The Mechanic (15) ***
Directed by: Simon West
Starring: Jason Statham, Ben Foster, Donald Sutherland
Jason Statham’s reliably furrowed brow gets a thorough workout in this generally efficient remake of a 1972 Charles Bronson vehicle; one suspects he won’t be the only onlooker baffled by the multiple-crosses playing out here. For starters, there’s no plausible reason for Statham’s hired assassin Bishop to off his own wheelchair-bound go-between (Sutherland) in the opening moments, save to get the plot off with a bang. Out of guilt, Bishop adopts his former employer’s unruly offspring (Foster) as a partner – and while the lad’s aim improves rapidly, his ultimate target remains whoever killed his pa.

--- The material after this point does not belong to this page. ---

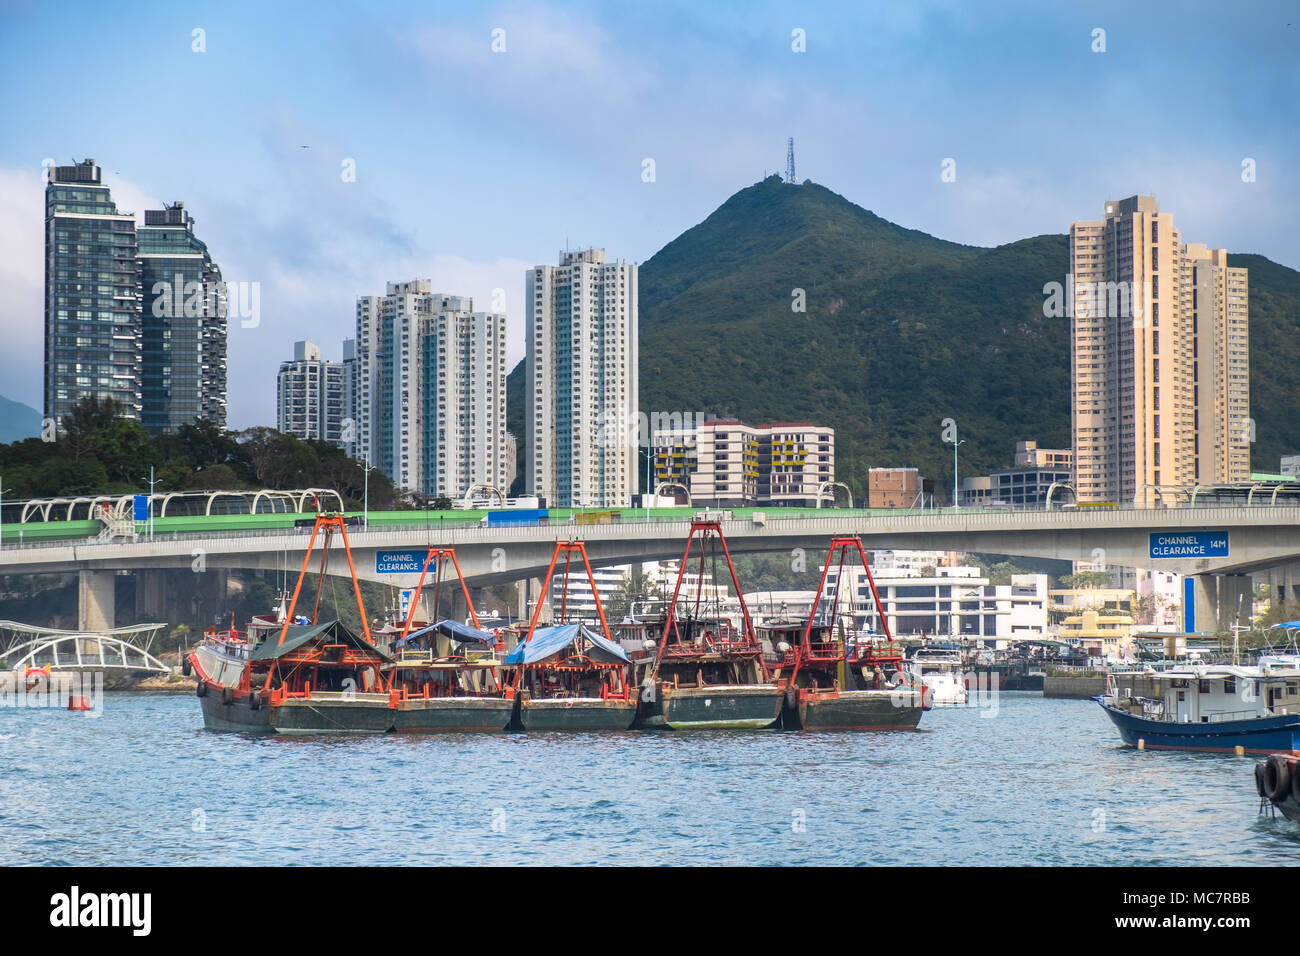 Attività di pesca i pescherecci con reti da traino a Hong Kong la baia di Aberdeen. Ponte di trasporto, edifici, grattacieli sullo sfondo. La geometria della città e del sud est asiatico per la splendida natura Foto Stock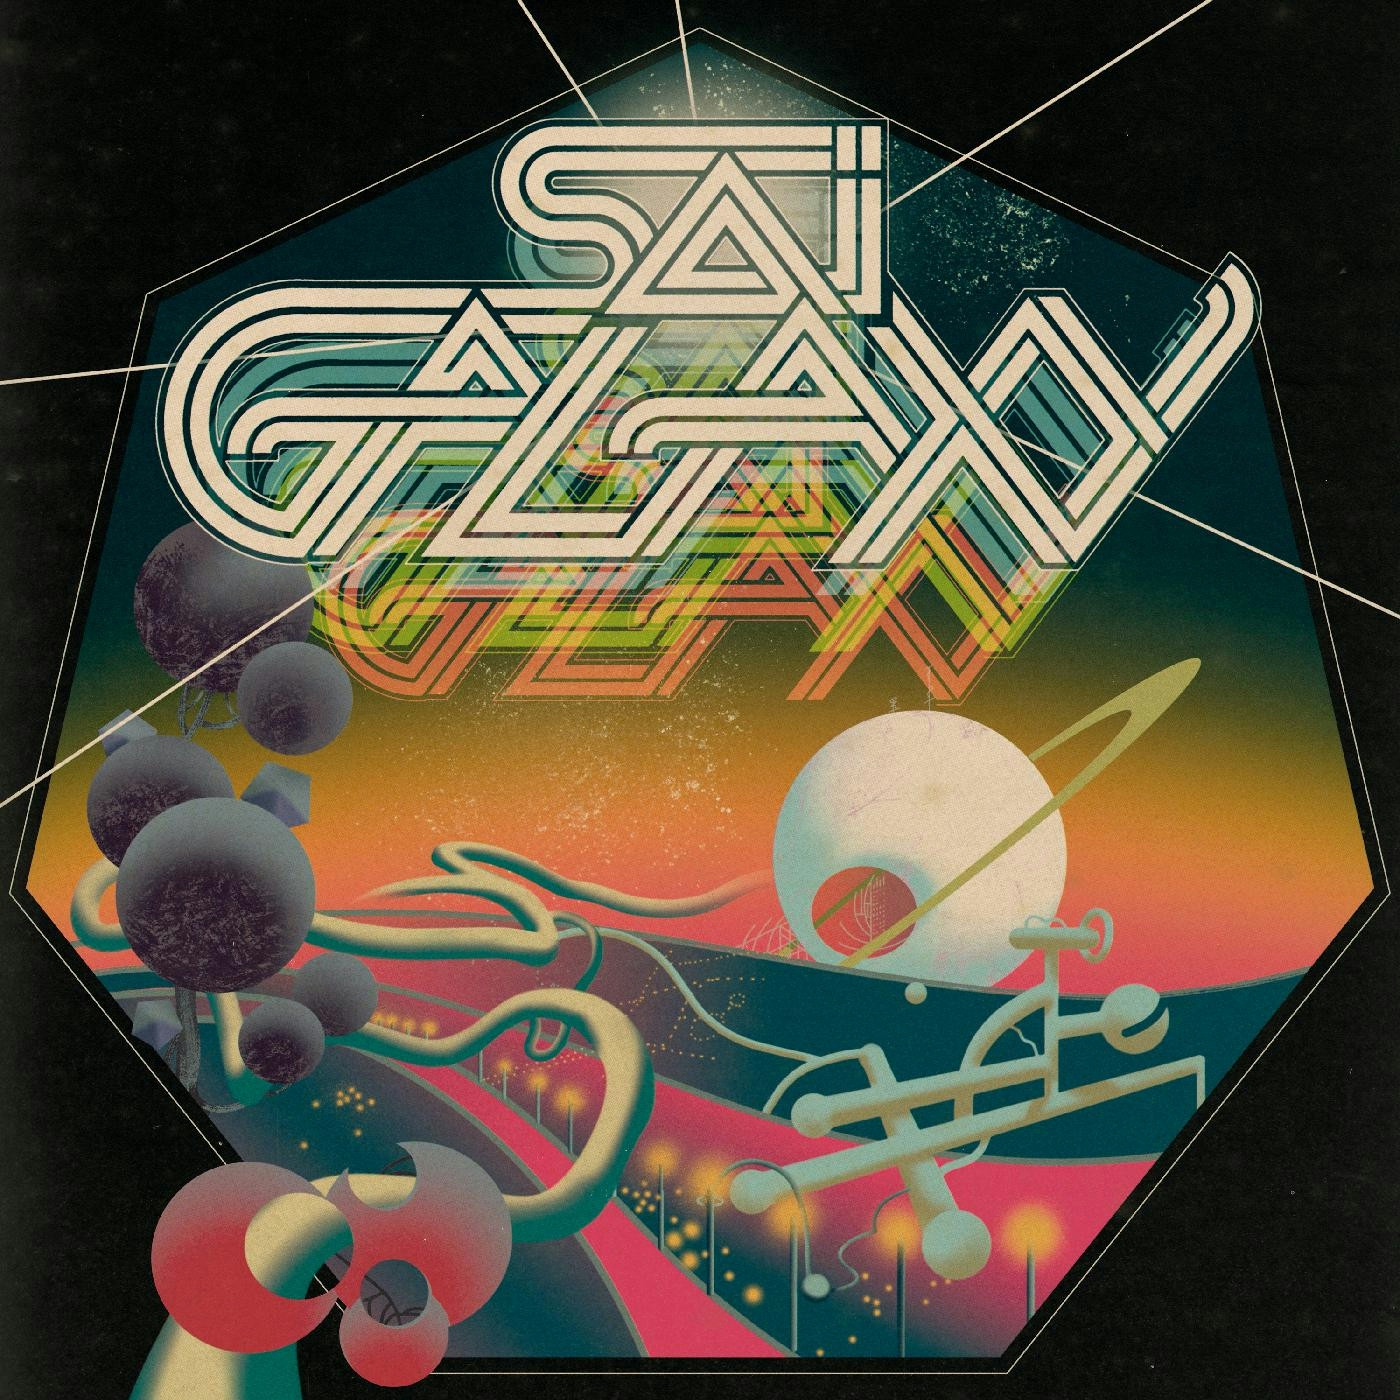 Album artwork for Album artwork for Get It As You Move by Sai Galaxy by Get It As You Move - Sai Galaxy

There’s not much humour, and little place for women, either, save to pop their heads up (and tops off) every now and again to prove the deadly bromance goes only so far. Yet Brit director West, formerly a blow-it-all-to-hell merchant (Con Air), devotes himself to the intricacies of the hit, sketching neat thumbnails of Bishop’s victims, and ratcheting up the tension when Foster fumbles a bolt at the scene of one assignment. It’s nuts-and-bolts action cinema, indeed, of the kind that does a job come Saturday night: on the Stath-o-meter, nothing so delirious as Crank, but a marked improvement on the Transporters.
The Mechanic opens in cinemas nationwide today.